In specific situations, I can collect and process your data with your consent.

For example, when you tick a box to receive email newsletters.



By using my website or submitting any Personal Information, you consent to the collection, transfer, storage, disclosure, and use of your Personal Information in the manner set out in this Privacy Policy. If you do not consent to the use of your Personal Information in these ways, please stop using this website.

Contractual obligations

In certain circumstances, I need your personal data to comply with our contractual obligations.


For example, if you order an item from me for home delivery, I’ll collect your address details to deliver your purchase, and pass them to my delivery service. 



Legal compliance

If the law requires me to, I may need to collect and process your data.

For example, I can pass on details of people involved in fraud or other criminal activity to law enforcement.



Legitimate interest
In specific situations, I require your data to pursue our legitimate interests in a way which might reasonably be expected as part of running our business and which does not materially impact your rights, freedom or interests.



For example:
I will use information you have provided for personalised details on prints requiring them. 



3. Security
I take the utmost care and take all appropriate steps to protect your data.
I use industry best practices to keep any information collected and/or transmitted secure. This includes the use of HTTPS with TLS (Transport Layer Security), which encrypts all transmitted data. All transactional areas of our websites operate as secure access only, using HTTPS technology and follow all guidelines from my payment gateway providers.
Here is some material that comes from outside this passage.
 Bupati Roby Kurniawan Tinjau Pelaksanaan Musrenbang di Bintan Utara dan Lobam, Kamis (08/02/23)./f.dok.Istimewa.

My website is hosted and operated by SupaDupa (SupaDupa.me) who regularly monitor their systems for possible vulnerabilities and attacks, and carry out regular testing to identify ways to further strengthen security.
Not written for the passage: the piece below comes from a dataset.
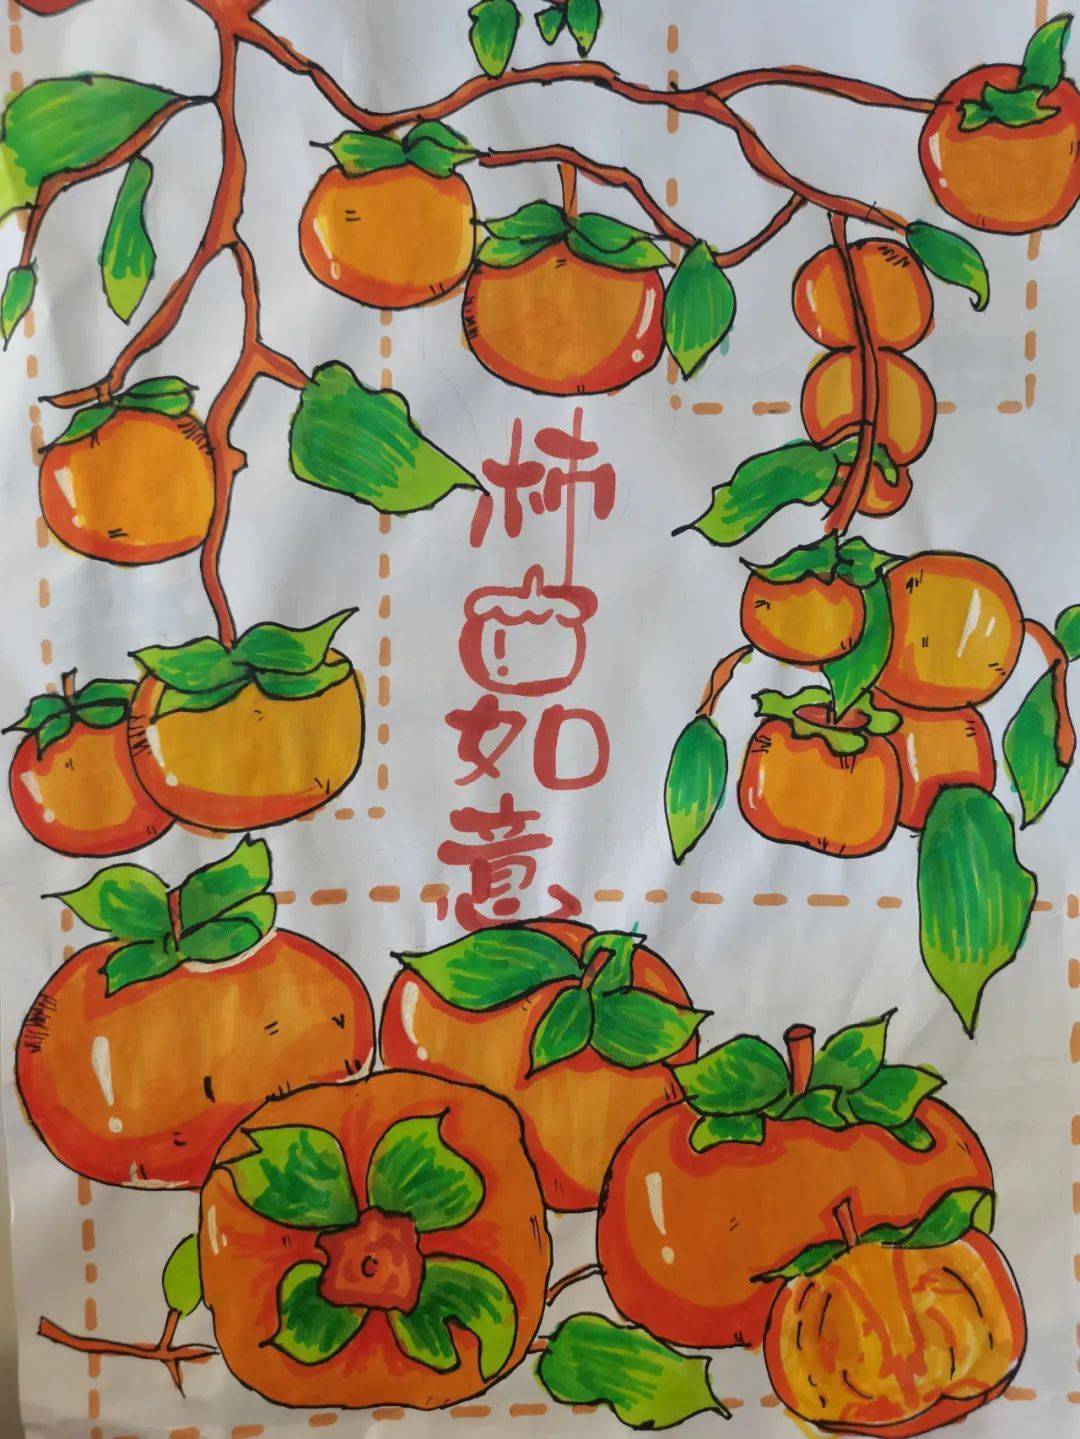 学生制作的柿子知识博览手抄报,介绍柿子生长过程,食用禁忌,文化寓意

4. When do I collect your personal data?
When you visit our websites and purchase products or services.
When you make an online purchase.
When you engage with me on social media.
When you contact me by any means with queries, complaints etc.
When you sign up to my mailing list.

5. How long do I keep your data?
Whenever I collect or process your personal data, I’ll only keep it for as long as is necessary for the purpose for which it was collected.



When you place an order, I’ll keep the personal data you give us for at least five years so I can comply with our legal and contractual obligations. 

At the end of that retention period, your data may be retained or deleted completely.

6. How and why do I use your personal data
I use your personal data for the following general purposes:
To process any orders that you make through the website.
I will need to collect some personal data from you during the checkout process.

The data I require may include - but not limited to - your name, delivery details, phone number, email address, billing information including billing name and address, credit card number, among other personal data.

To comply with legal obligations
To be able to provide some of my products and services to you, I may be required by law to request and hold some personal data.

Additionally, I may use the order details to:

Communicate with you
Screen our orders for potential risk or fraud
When in line with the preferences you have shared with us, provide you with information or advertising relating to additional products or services that might be of interest to you.


You can opt out of providing this additional information by simply not entering it when asked or you could stop using this website.

Remember, if you choose not to share your personal data with me, or refuse certain contact permissions, I might not be able to provide you with the products or services you have asked for.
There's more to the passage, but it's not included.